In curing ultraviolet-sensitive layers and in other applications employing ultraviolet light, it is desirable to have a means of generating a high-intensity ultraviolet image or an unresolved ultraviolet flooding beam. Visible-light lamps are a conventional source of ultraviolet radiation, but only a very small percentage of the total radiation they emit is ultraviolet, resulting in tremendous energy waste, much of it in the form of bothersome heat.
Prior art night-vision devices, such as those employed by the military, provide amplification of visible light by converting incoming visible light to electrons, accelerating the electrons across a strong electric field through hollow fibers the inside surfaces of which emit additional electrons, and converting the amplified electron radiation to visible light at a phosphor screen.
An article in Inside R&D, Vol. 7, No. 6, published Feb. 8, 1978, discloses a thin panel CRT tube of Texas Instruments that includes a matrix of area cathode electron emitters spaced in back of a screen coated with visible-light luminescing phosphors, all inside an evacuated chamber.

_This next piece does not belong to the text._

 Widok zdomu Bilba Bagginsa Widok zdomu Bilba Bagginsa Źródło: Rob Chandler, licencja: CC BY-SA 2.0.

Houston et al. U.S. Pat. No. 4,069,438 shows a device for producing an electrostatic image of an X-ray beam on a Mylar sheet. The X-ray beam strikes an ultraviolet fluorescent layer such as BaSO.sub.4 :Pb, the ultraviolet light thus produced passes through a quartz layer to a layer of ultraviolet-sensitive electron-emitting material, the emitted electrons pass through a gas filled region under the influence of an electric field to ionize the gas, and a Mylar insulating layer is positioned at the anode so as to be struck by the ions produced.